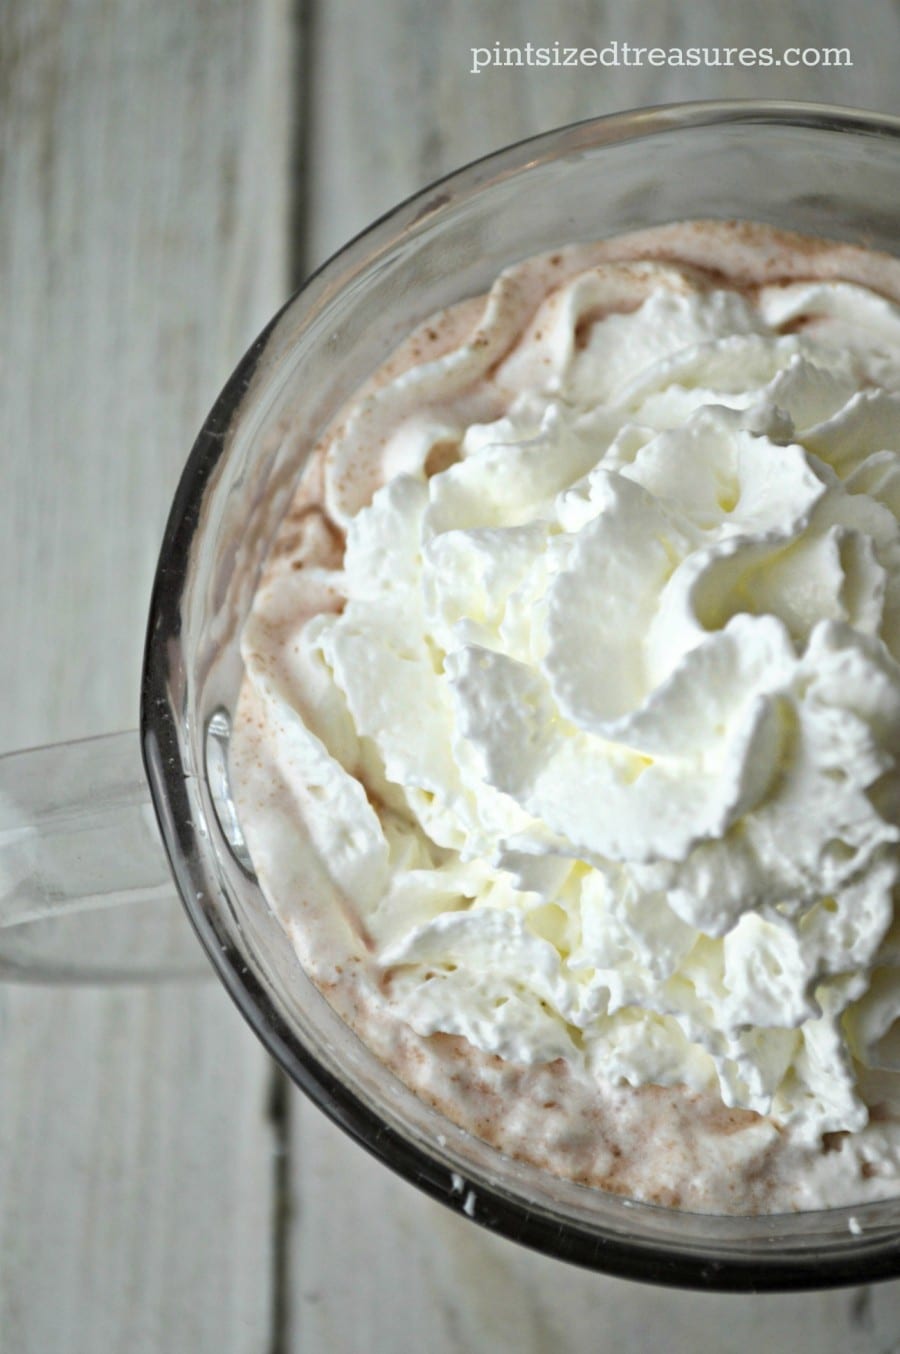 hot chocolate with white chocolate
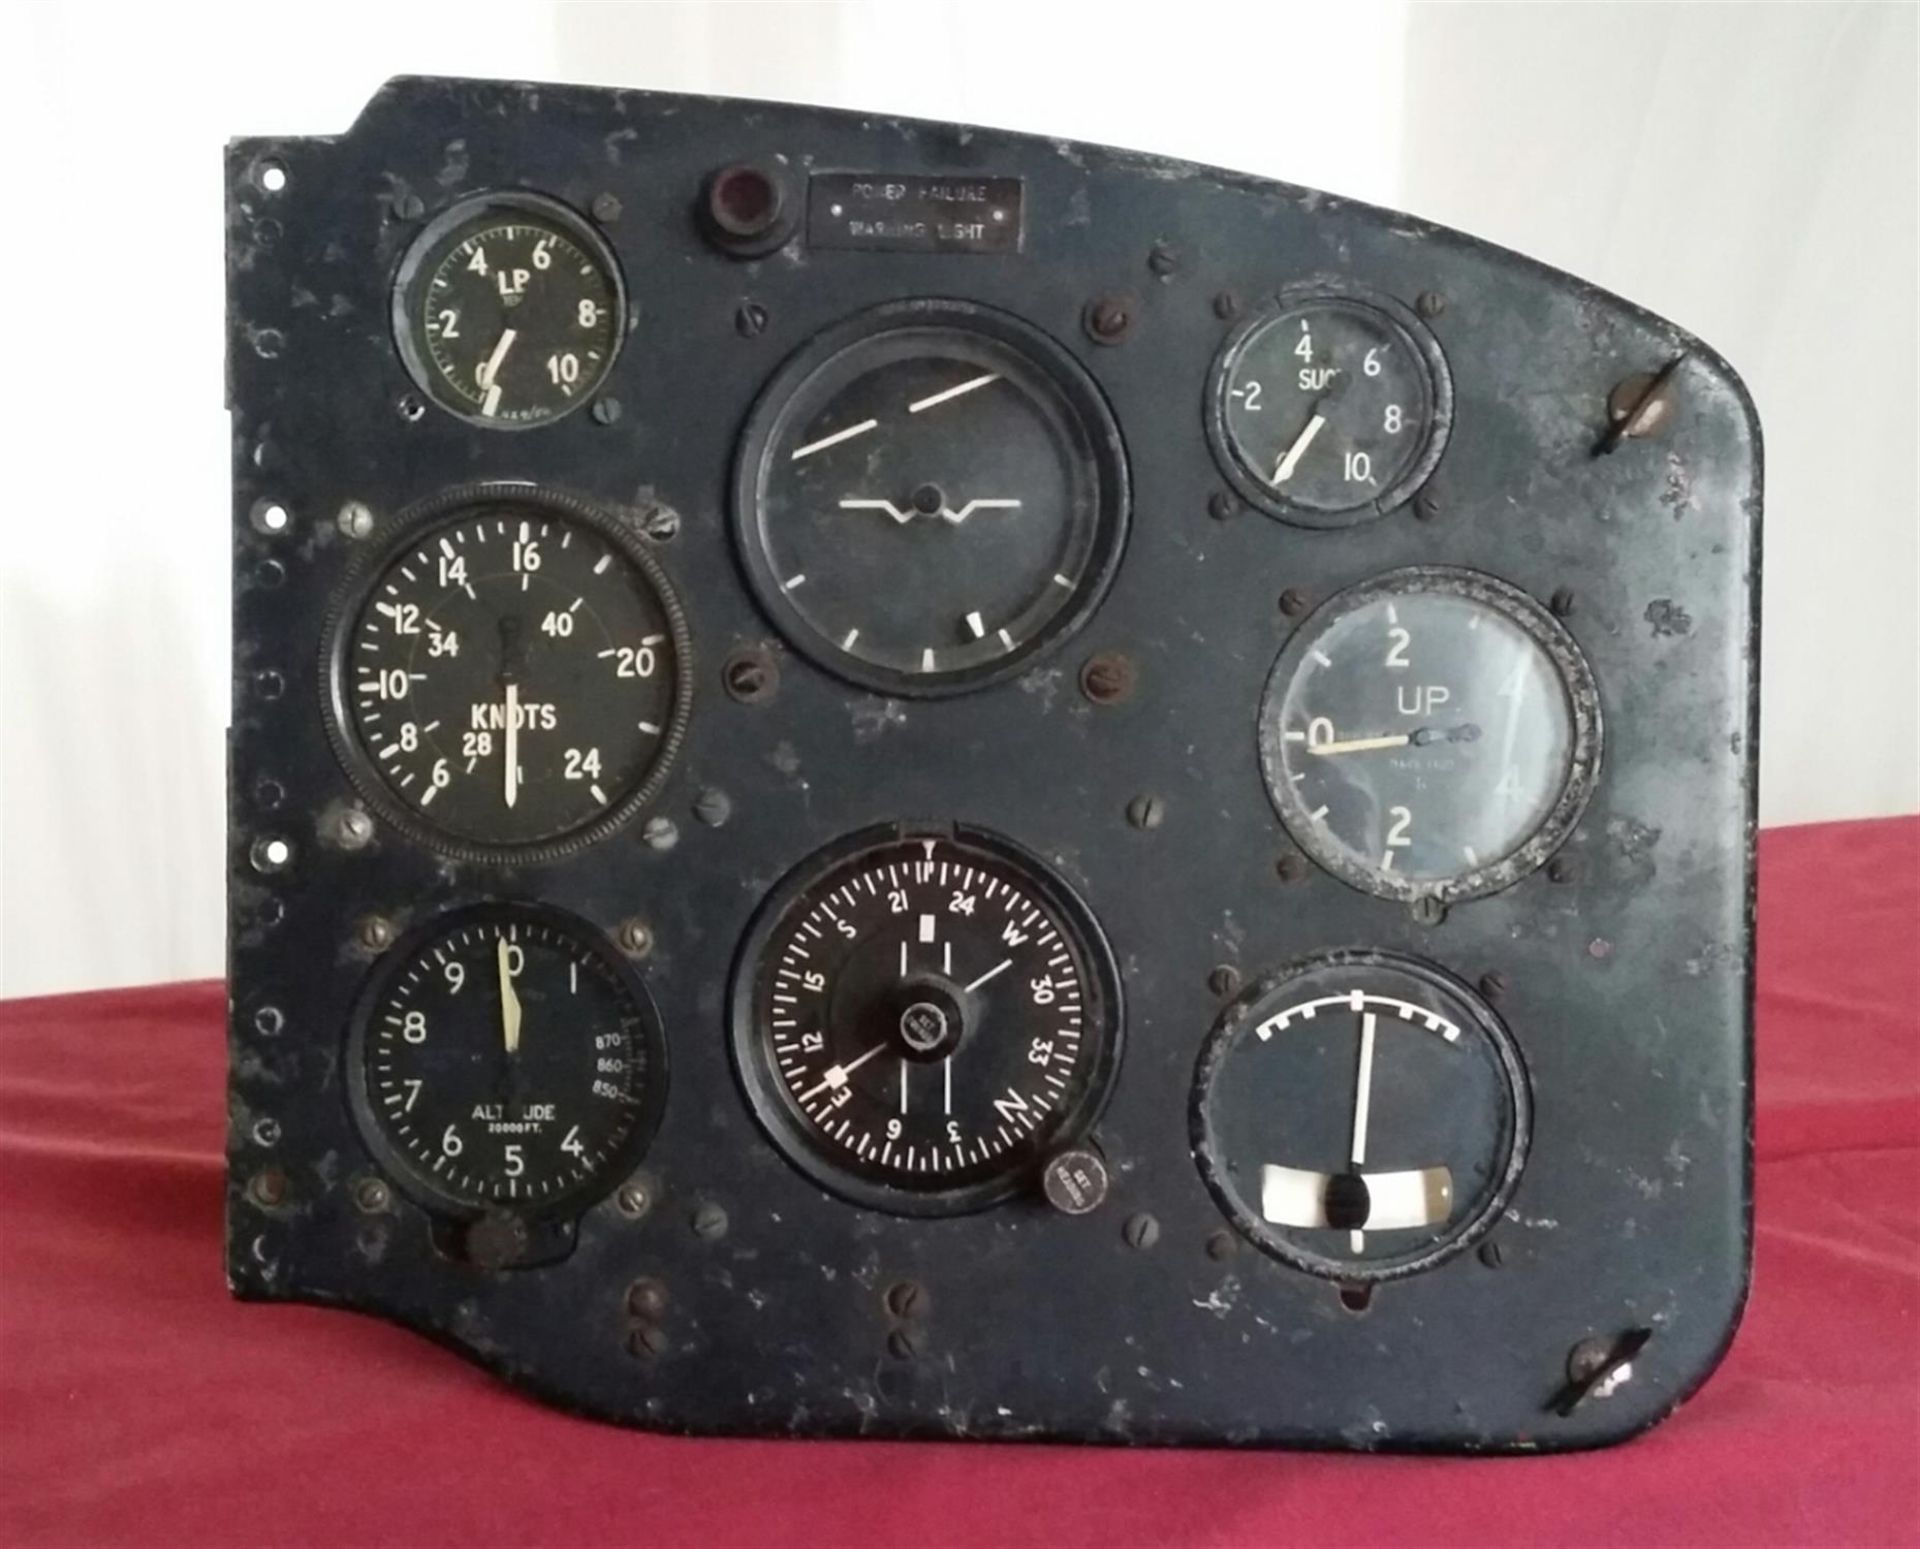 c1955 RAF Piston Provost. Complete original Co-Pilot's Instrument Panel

==

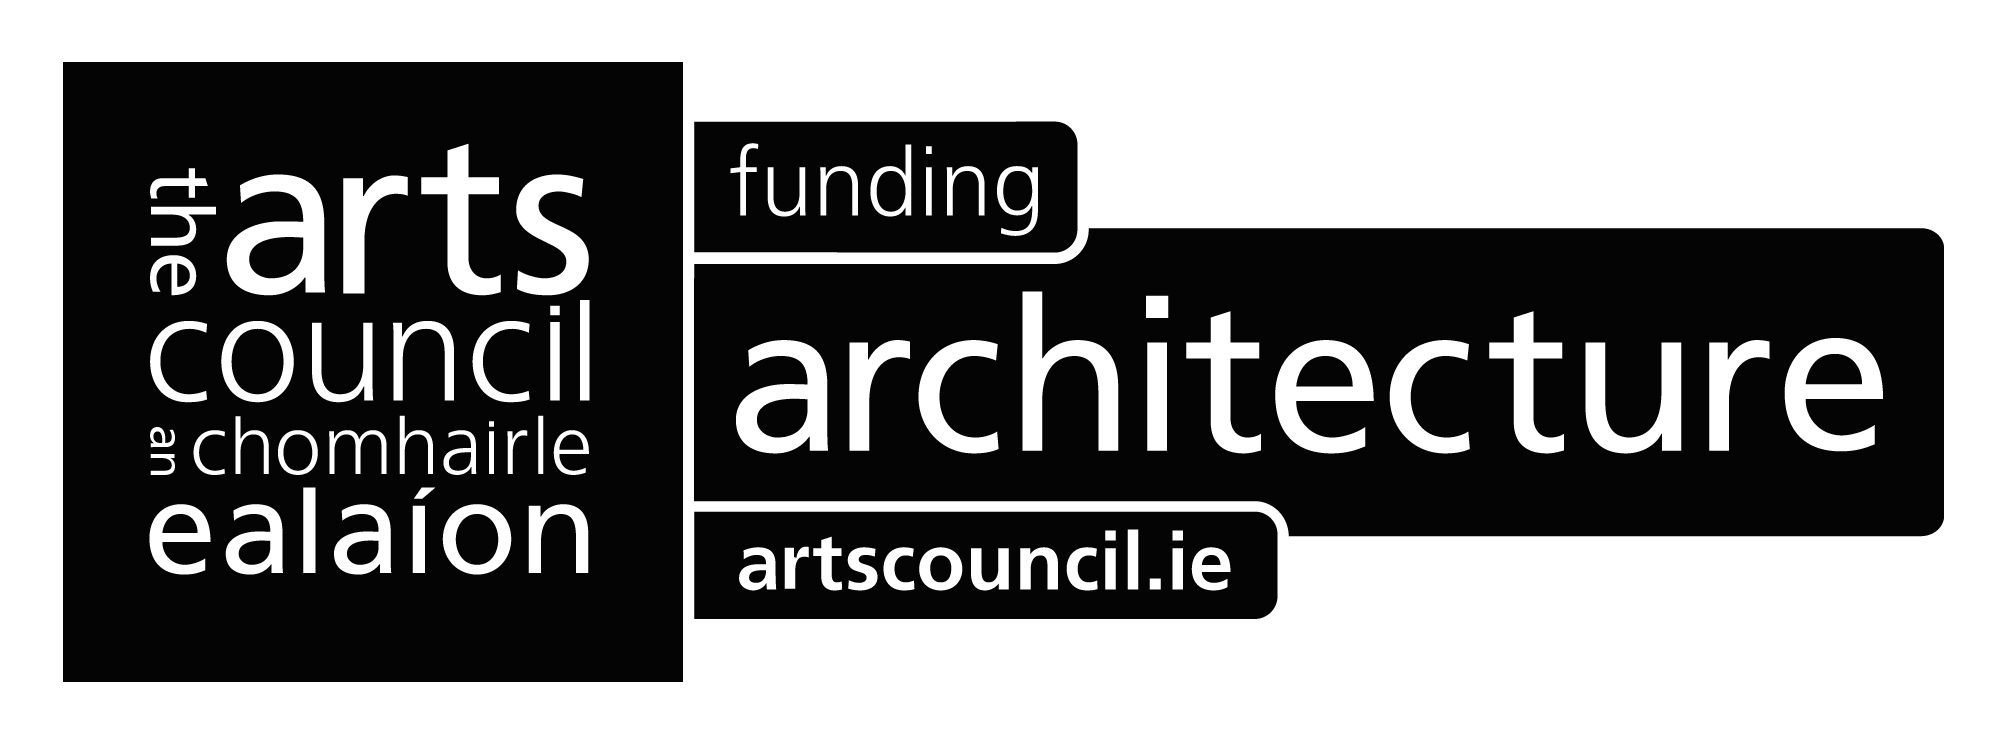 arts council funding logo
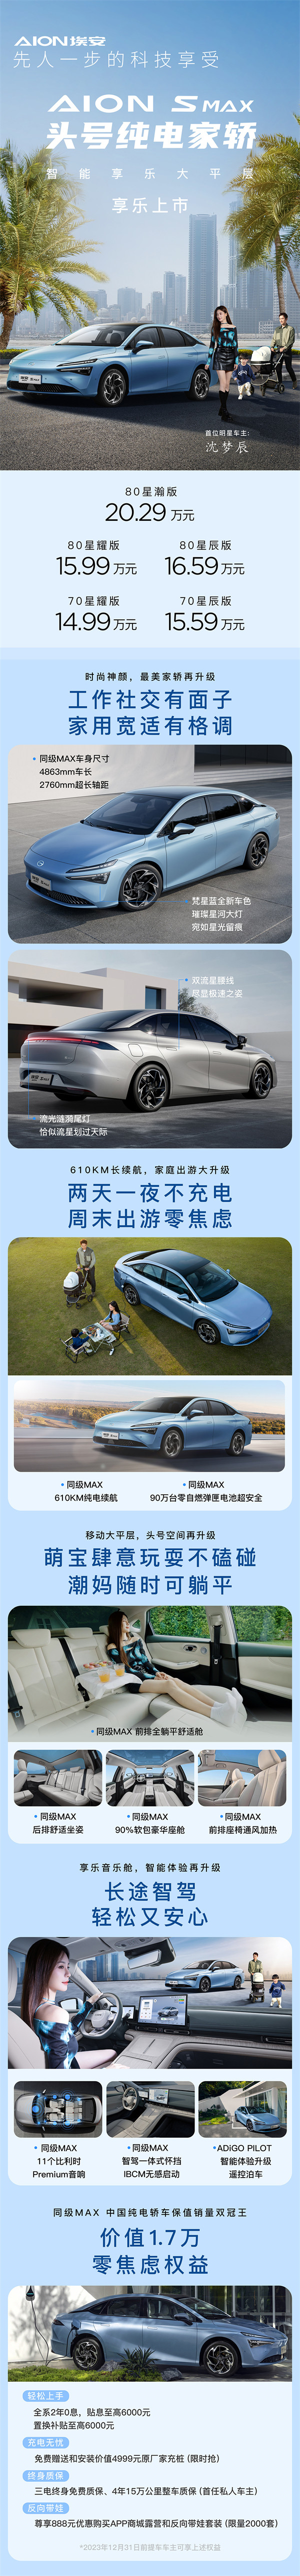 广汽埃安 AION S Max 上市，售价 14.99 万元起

Work order:
In the data above, take the line with "hot chocolate with white chocolate", the line with "c1955 RAF Piston", and every line between, and set them down exactly without pictures.

Response area:
 hot chocolate with white chocolate
 c1955 RAF Piston Provost. Complete original Co-Pilot's Instrument Panel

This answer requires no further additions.